DNA microarray analysis of the hyperthermophilic archaeon Pyrococcus furiosus: evidence for anNew type of sulfur-reducing enzyme complex

Abstract

DNA microarrays were constructed by using 271 open reading frame (ORFs) from the genome of the archaeon Pyrococcus furiosus. They were used to investigate the effects of elemental sulfur (S(primary)) on the levels of gene expression in cells grown at 95 degrees C with maltose as the carbon source. The ORFs included those that are proposed to encode proteins mainly involved in the pathways of sugar and peptide catabolism, in the metabolism of metals, and in the biosynthesis of various cofactors, amino acids, and nucleotides. The expression of 21 ORFs decreased by more than fivefold when cells were grown with S(primary) and, of these, 18 encode subunits associated with three different hydrogenase systems. The remaining three ORFs encode homologs of ornithine carbamoyltransferase and HypF, both of which appear to be involved in hydrogenase biosynthesis, as well as a conserved hypothetical protein. The expression of two previously uncharacterized ORFs increased by more than 25-fold when cells were grown with S(primary). Their products, termed SipA and SipB (for sulfur-induced proteins), are proposed to be part of a novel S(primary)-reducing, membrane-associated, iron-sulfur cluster-containing complex. Two other previously uncharacterized ORFs encoding a putative flavoprotein and a second FeS protein were upregulated more than sixfold in S(primary)-grown cells, and these are also thought be involved in S(primary) reduction. Four ORFs that encode homologs of proteins involved in amino acid metabolism were similarly upregulated in S(primary)-grown cells, a finding consistent with the fact that growth on peptides is a S(primary)-dependent process. An ORF encoding a homolog of the eukaryotic rRNA processing protein, fibrillarin, was also upregulated sixfold in the presence of S(primary), although the reason for this is as yet unknown. Of the 20 S(primary)-independent ORFs that are the most highly expressed (at more than 20 times the detection limit), 12 of them represent enzymes purified from P. furiosus, but none of the products of the 34 S(primary)-independent ORFs that are not expressed above the detection limit have been characterized. These results represent the first derived from the application of DNA microarrays to either an archaeon or a hyperthermophile.

FIG. 1

Fluorescence intensities of DNA microarrays. (A) cDNA versus cDNA derived from the same cultures of cells grown on maltose (no S°). (B) cDNA versus cDNA derived from cells grown on maltose with or without S°. The upper and lower diagonal lines indicate fivefold changes in the signal intensities. See the text for details.

FIG. 2

Expression of ORFs encoding hydrogenase-related subunits with or without S°. The ORFs encoding the subunits of the cytoplasmic hydrogenase I (A), cytoplasmic hydrogenase II (B), and the membrane-bound hydrogenase (C) are arranged according to their positions in their respective operons. These are plotted against signal intensities for cDNA obtained from cells grown with (solid bars) or without (shaded bars) S°. The results with all subunits have a confidence level of at least 96% (P > 0.98 for the cytoplasmic hydrogenases and P > 0.96 for the membrane-bound enzyme).

FIG. 3

Genome organization of sipA and sipB. The back to back ORFs coding for SipA (179 amino acids) and SipB (115 amino acids) are shown with the indicated directions for transcription. Putative transcription stop sites are indicated with a “ball on a stick,” and putative translational start sites are indicated with right-angled arrows.
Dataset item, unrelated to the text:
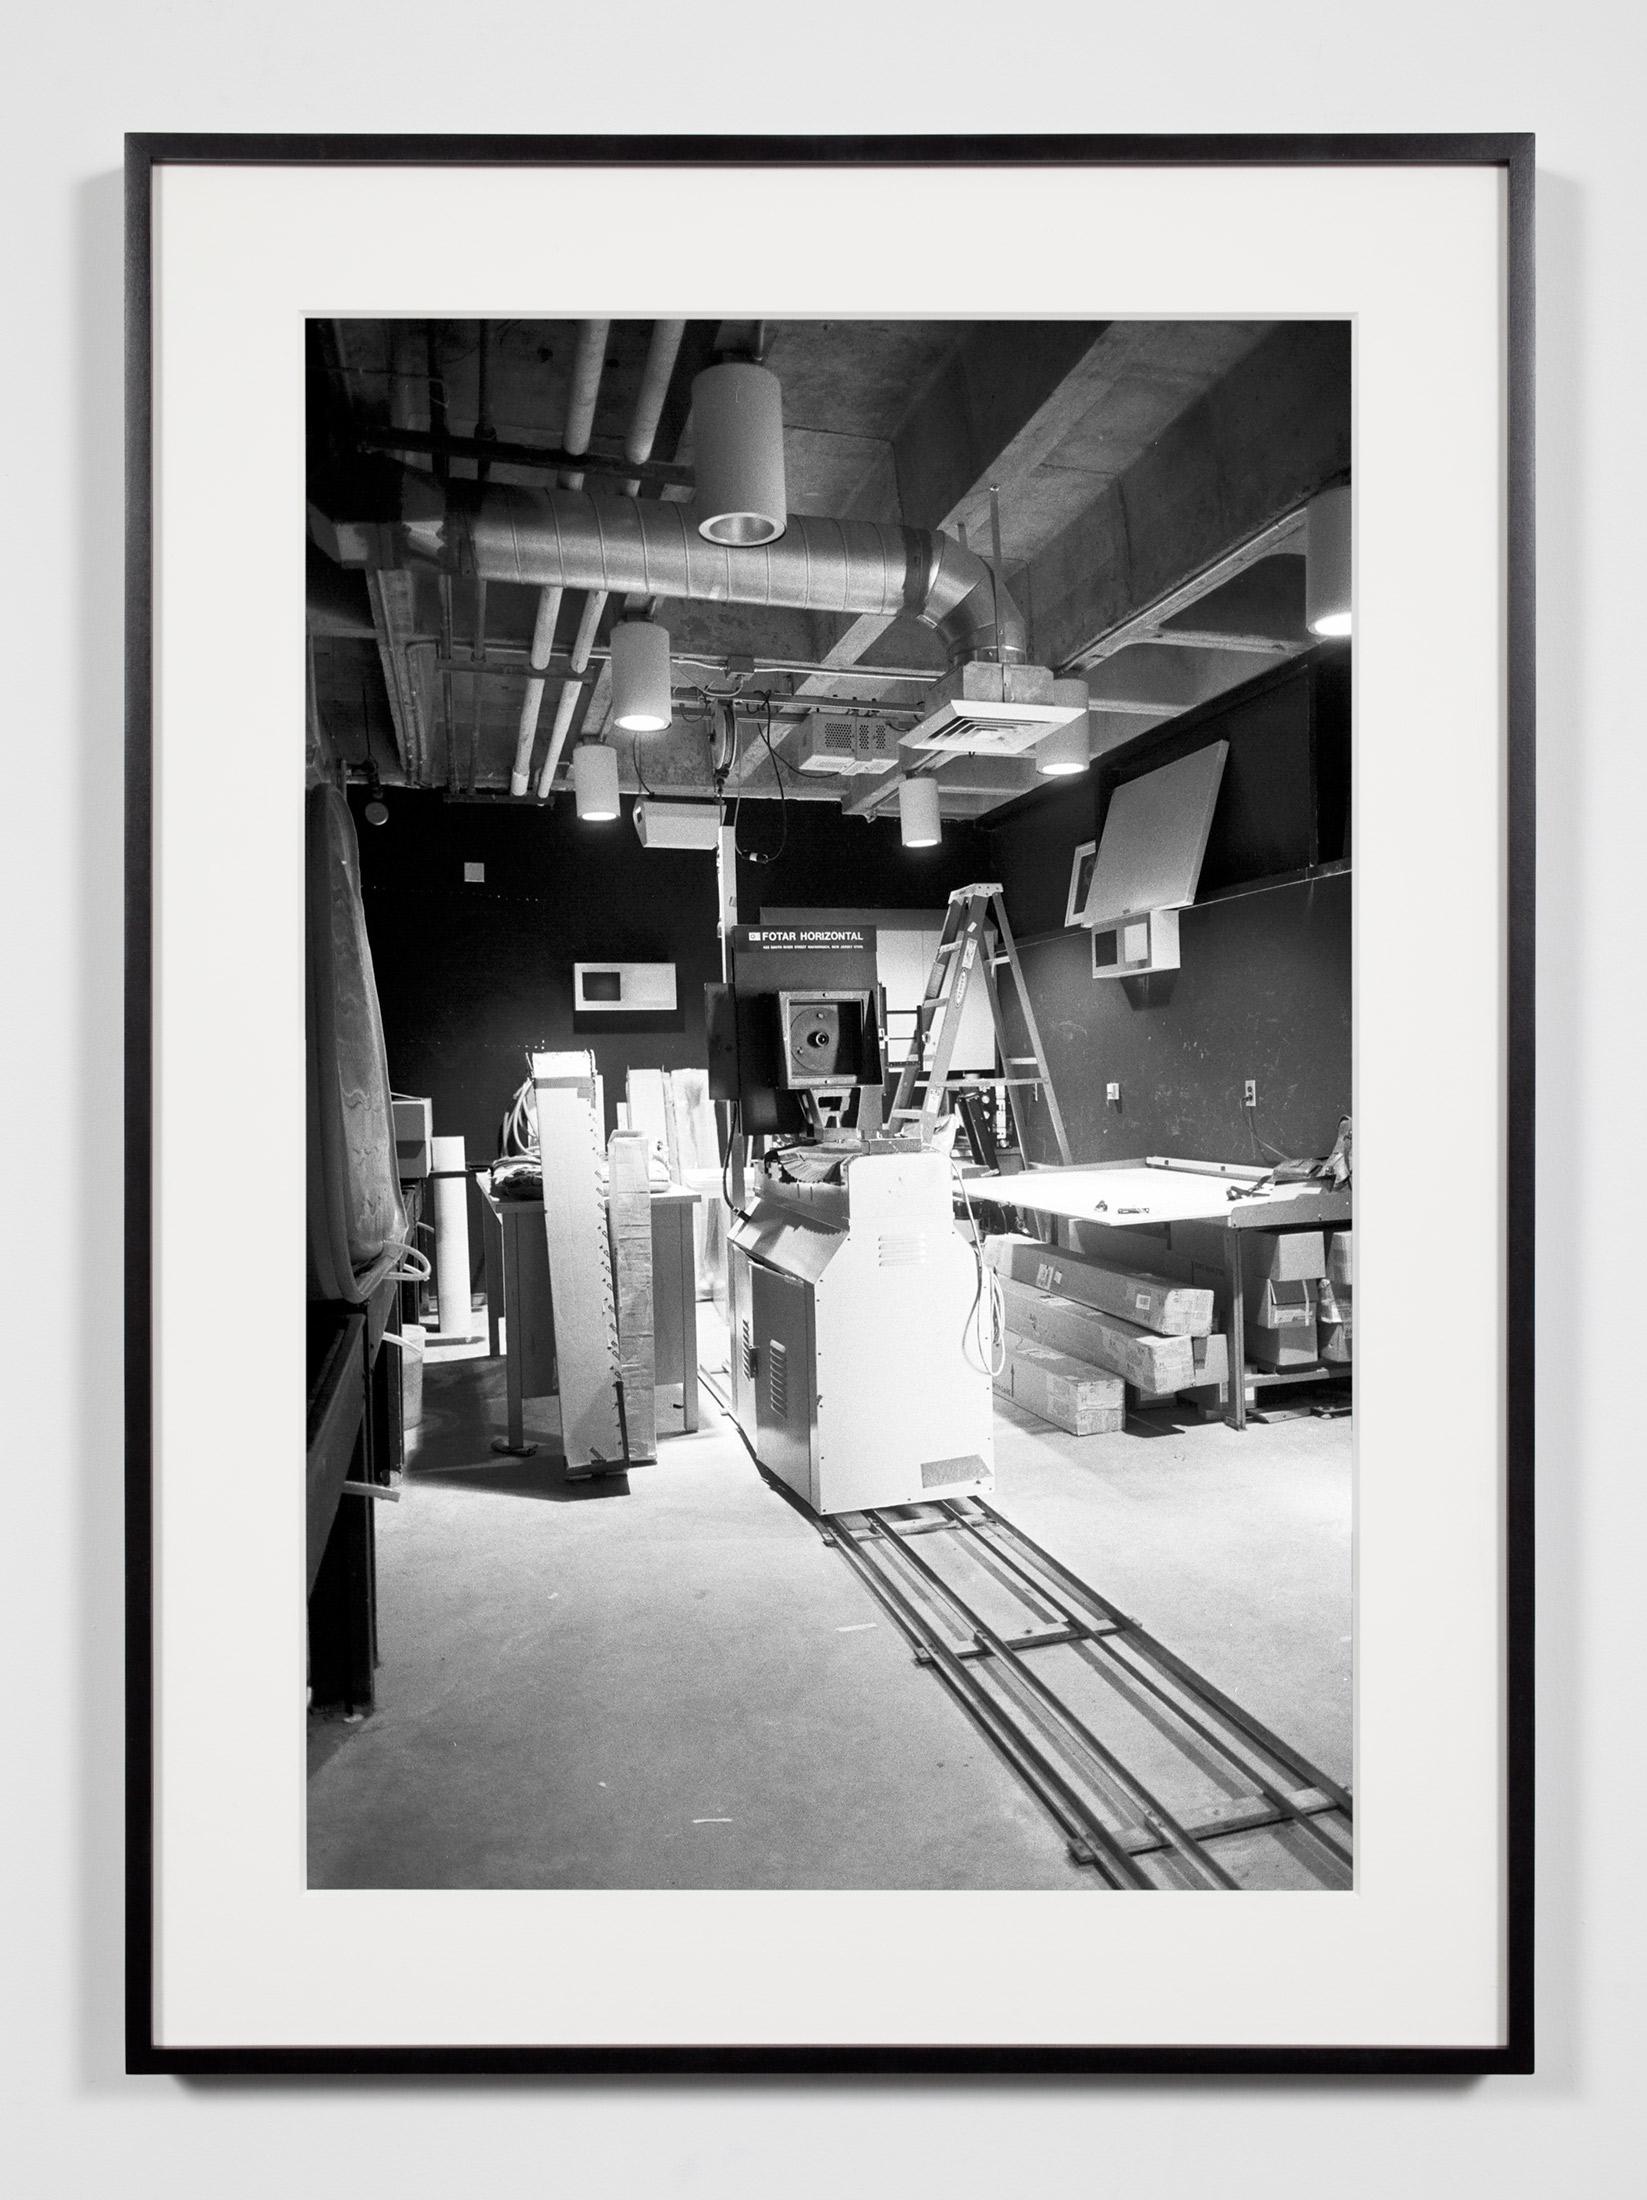 University Darkroom, 8 x 10 Horizontal Enlarger, Irvine, California, July 18, 2008    2011   Epson Ultrachrome K3 archival ink jet print on Hahnemühle Photo Rag paper  36 3/8 x 26 3/8 inches   Industrial Portraits, 2008–

The putative start sites are preceded with possible ribosomal binding sites (underlined) and TATA boxes (boxed). The start site for sipB shown here is not the same as that given in the genome annotation (which is indicated with an asterisk [54]). Both sipA and sipB contain an inverted repeat (I-1 and I-2) directly next to the proposed TATA boxes. The position of the ORF (1873389) encoding the SipB extension (142 amino acids) is indicated.

FIG. 4

Expression of the ORFs encoding POR and VOR with or without S°. The genes (A, B, and D) encoding the α-, β-, and δ-subunits of POR and of VOR are arranged according to their positions in their respective operons, along with the gene (G) encoding the γ-subunit that is shared by the two enzymes (31). For each ORF, the signal intensities are indicated for cDNA obtained from cells grown with (solid bars) or without (shaded bars) S°.